Он все еще смотрит на меня так печально, как будто я его разочаровала. Ненавижу это чувство: мне хочется быть хорошей в его глазах, я не хочу потерять его уважение. Он ничего не говорит.

— Какой толк идти весь путь домой под дождем? — Я слишком усердно возражаю, но не могу остановиться. — Не понимаю, чем это кому-то помогло бы.

Он едва заметно качает головой.

— Вам правда не следовало так поступать, тетя Вив. Это было неразумно. Люди могут сделать ошибочные выводы.

Разговор движется в безопасном направлении.

— Ты прав, это действительно было неразумно, — говорю я. — Но дождь был такой сильный…

Он слегка вздыхает, как будто решив принять то, что я сказала.

— Я говорил ему. Говорил, что вам и в голову не придет поступать неподобающе. Я сказал: «Пойми, речь идет о моей тете Вив».

Минуту мы сидим в тишине. Запах крови и сырого мяса вызывает дурноту. К горлу поступает тошнота, и я пытаюсь ее сглотнуть.

— Кто же распространяет сплетни? — спрашивает Джонни. — О том, что это было что-то большее?

— Я не знаю, Джонни.

— Кто-то на вас наговаривает? Кто-то хочет отомстить вам за то, что вы, по его мнению, сделали? Кто-то, кто затаил злость на вас?

— Я не знаю.

Он продолжает ждать. Ждать спасательного круга, чего-то, что поможет ему выплыть на берег. Я должна предложить ему нечто большее.

— Но, конечно же, такое возможно, — говорю я. — Может быть, кто-то и затаил. Ты же знаешь жителей острова. Здешние люди вечно дуются.

— Значит, скорее всего, так и есть, — убеждает он сам себя, — кто-то на вас обиделся, тетя Вив.

— Думаю, да.

— Я говорил Пирсу, что вы не такая, — продолжает он. — Что вы никогда не сделаете подобного. Я сказал: «Это же моя тетя Вив…»
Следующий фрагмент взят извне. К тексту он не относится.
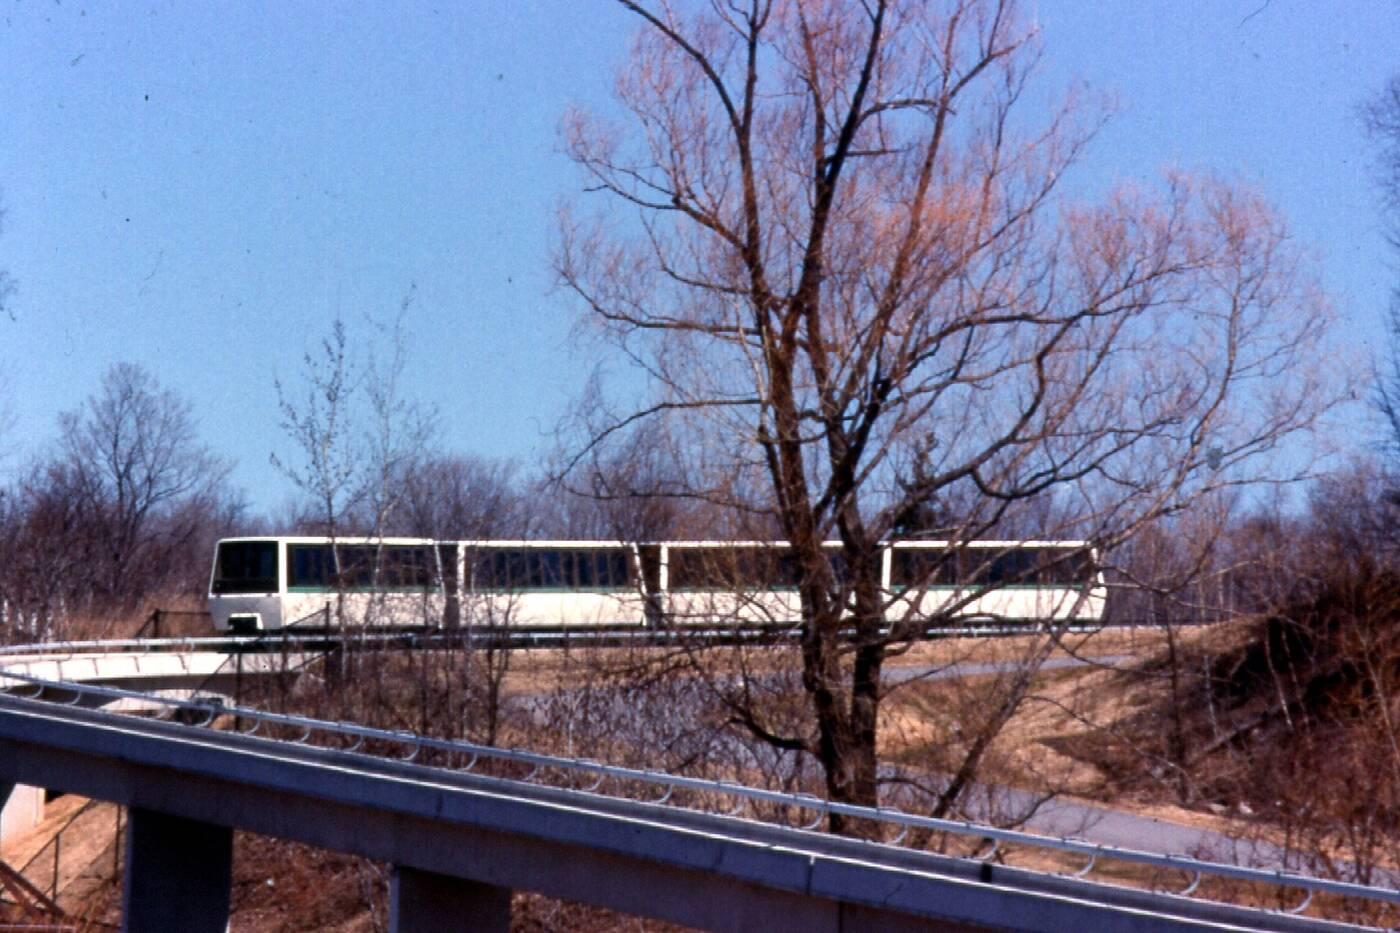 toronto Zoo Monorail

Когда Джонни уходит, я скребу и скребу кухонный стол, но не могу избавиться от кофейного пятна, что он пролил.

Глава 41

Так продолжается долгое время. Теперь это моя жизнь. Я привыкла к секретности, к скрытности, к жизни, которую делю с Гюнтером, когда мы закрываем дверь, оставляя за ней войну, весь мир, и лежим в моей кровати, освещенные мягкими дрожащими отблесками свечей.

Иногда я думаю о сказке, которую читала Милли перед самой оккупацией: про танцующих принцесс, которые по ночам сбегали через потайной ход и спускались по винтовым лестницам, а потом шли через золотую рощу в тайный, скрытый мир. Такая жизнь становится для меня почти нормальной.

Теперь он остается у меня большую часть ночи и покидает мою кровать очень рано, когда в комнату проникают первые белые пальцы утра. Я ощущаю такое умиротворение, засыпая в его объятиях. Иногда я ловлю себя на мысли, что именно таким и должен быть брак.

Но чаще я боюсь — боюсь, что появится еще одна записка или кто-нибудь из усердных друзей Джонни нарисует свастику на стене моего дома. Меня беспокоит, что кто-нибудь, кто меня подозревает, нашепчет Эвелин или Бланш, расскажет им про нас с Гюнтером.